What is crossing midline?
You may have heard your Occupational Therapist or Physical Therapist talk about the importance of “crossing midline”. Well, what exactly does that mean? Crossing the body’s midline is the ability to reach across the body in the opposite direction with arms and legs. This allows children to cross their body and complete a task on the opposite side of their body. Tasks such as handwriting, tying shoes, and retaining objects placed on opposite sides of the body require the ability to sufficiently cross midline without switching hands.
How can I tell if my child is not crossing midline?
– Uses left hand for activities on the left side of the body and right hand for activities on right side of the body.
– Rotating their whole body to pick up an object placed on the opposite side of the body.
– Unable to complete certain gross motor activities such as x marches or scissor kicks.
– Switching hands when completing fine motor tasks such as writing or using a fork.

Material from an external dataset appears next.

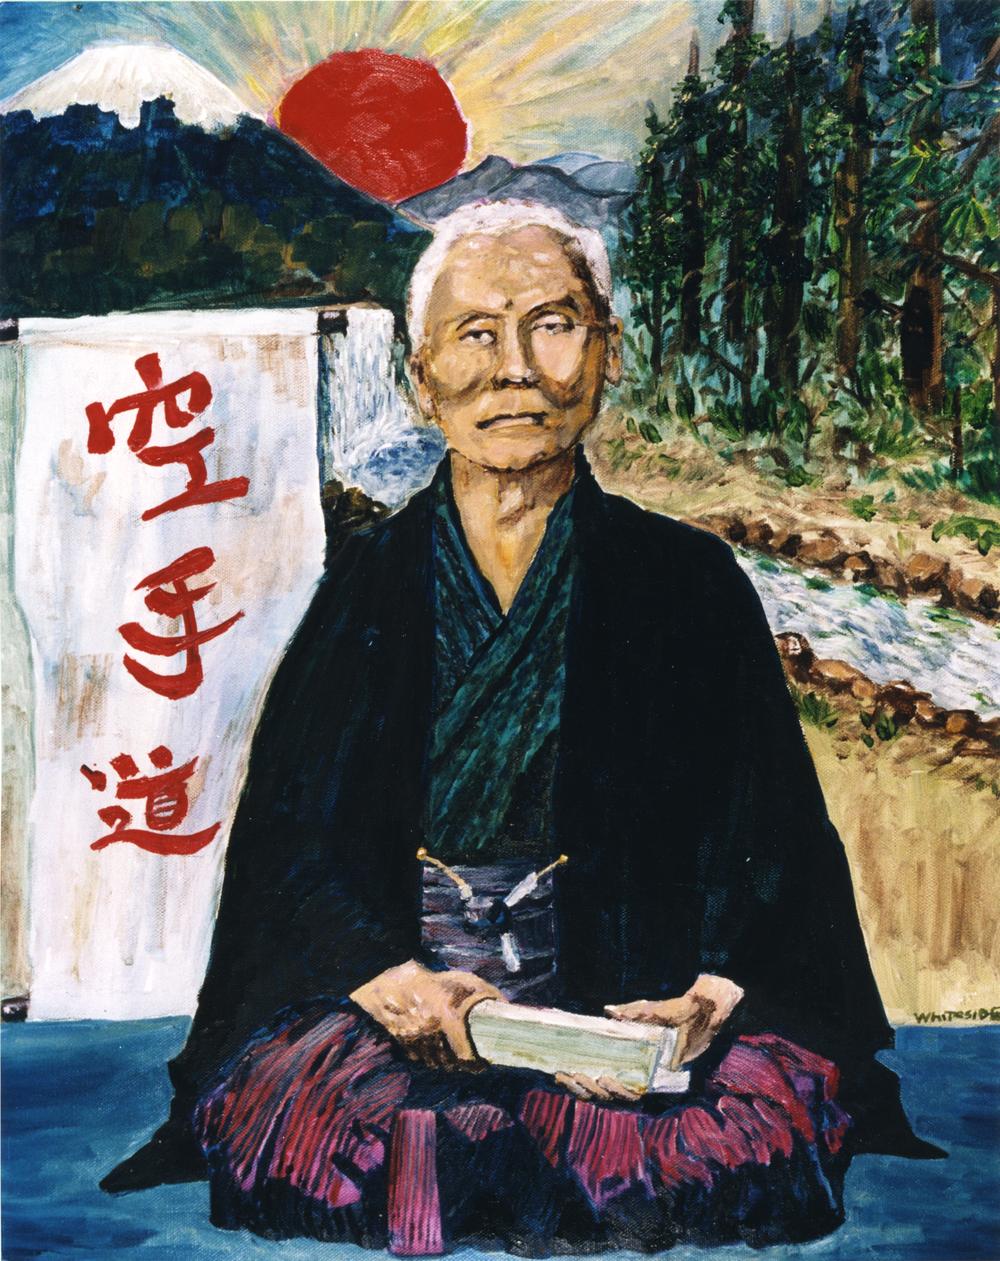 funakoshi by mwhiteside.png
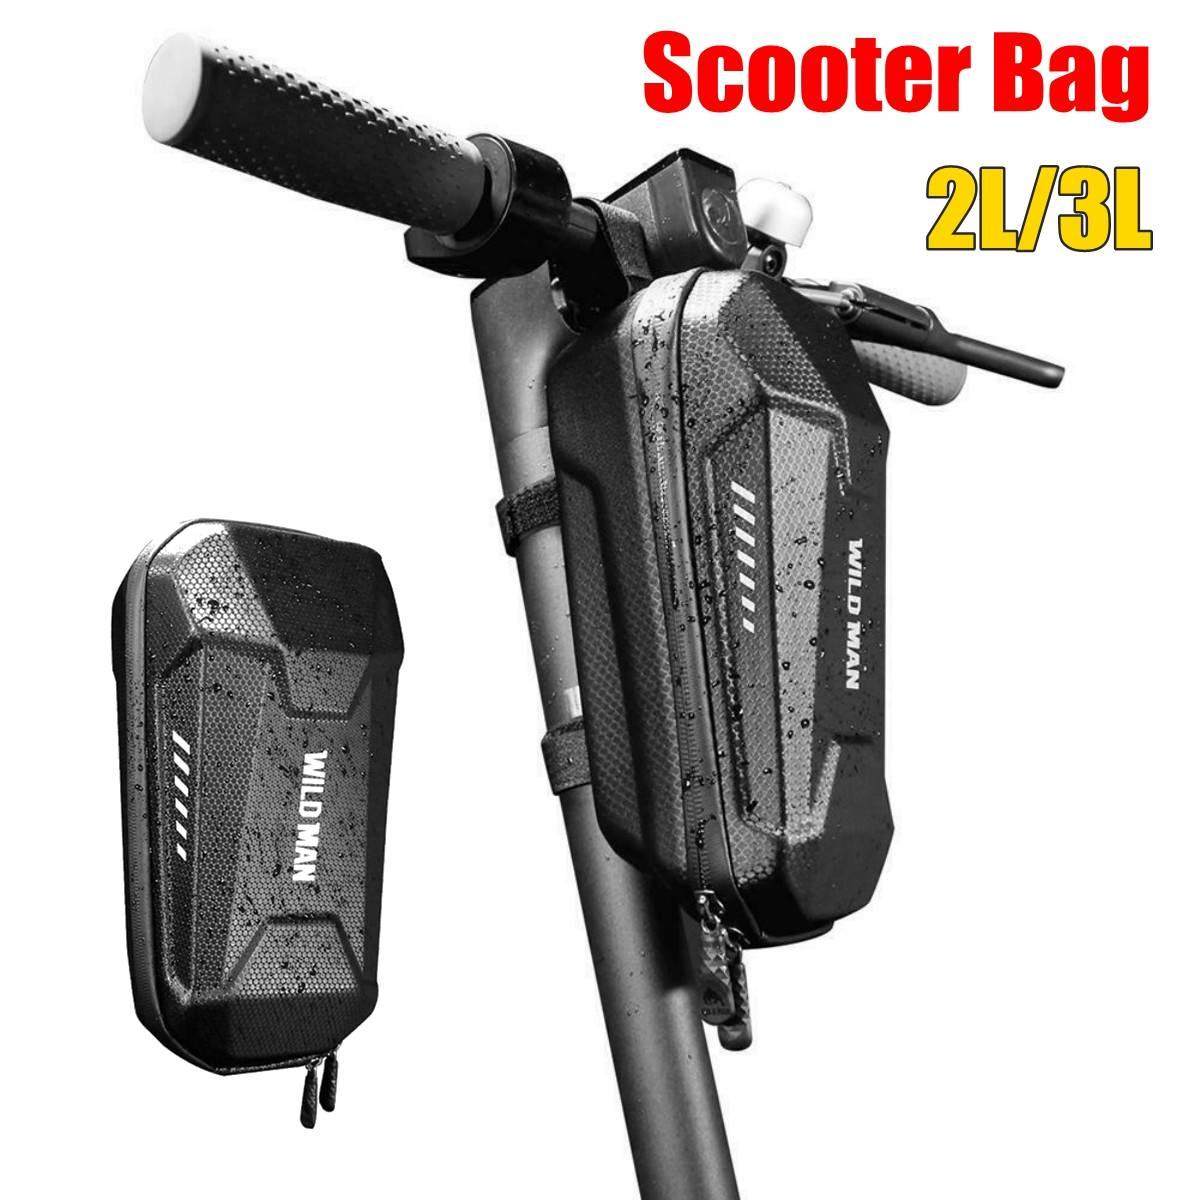 Bolsa para manillar de patinete eléctrico, de 2l/3l, EVA, con carcasa dura para bicicleta plegable Xiaomi M365 ES1 2 3 4

Activities for crossing midline
Below are some activities to increase crossing midline. Work on these activities at home to improve strength and coordination.
– Bilateral Activities (using both sides of the body) such as stringing beads, cutting tasks, folding paper, and playing with connect toys. Encourage the child to use each hand equally.
– Placing stickers on the opposite hand and having them take it off with the other hand.
– Draw infinity sign on a vertical surface (white board). Practice that motion in writing and in the air.
– Marching activities. Bring right hand to left knee and left hand to right knee as they step up.
– Passing Ball relays. Twist at the hips and take turns passing the ball in different directions, crossing the arms past the torso.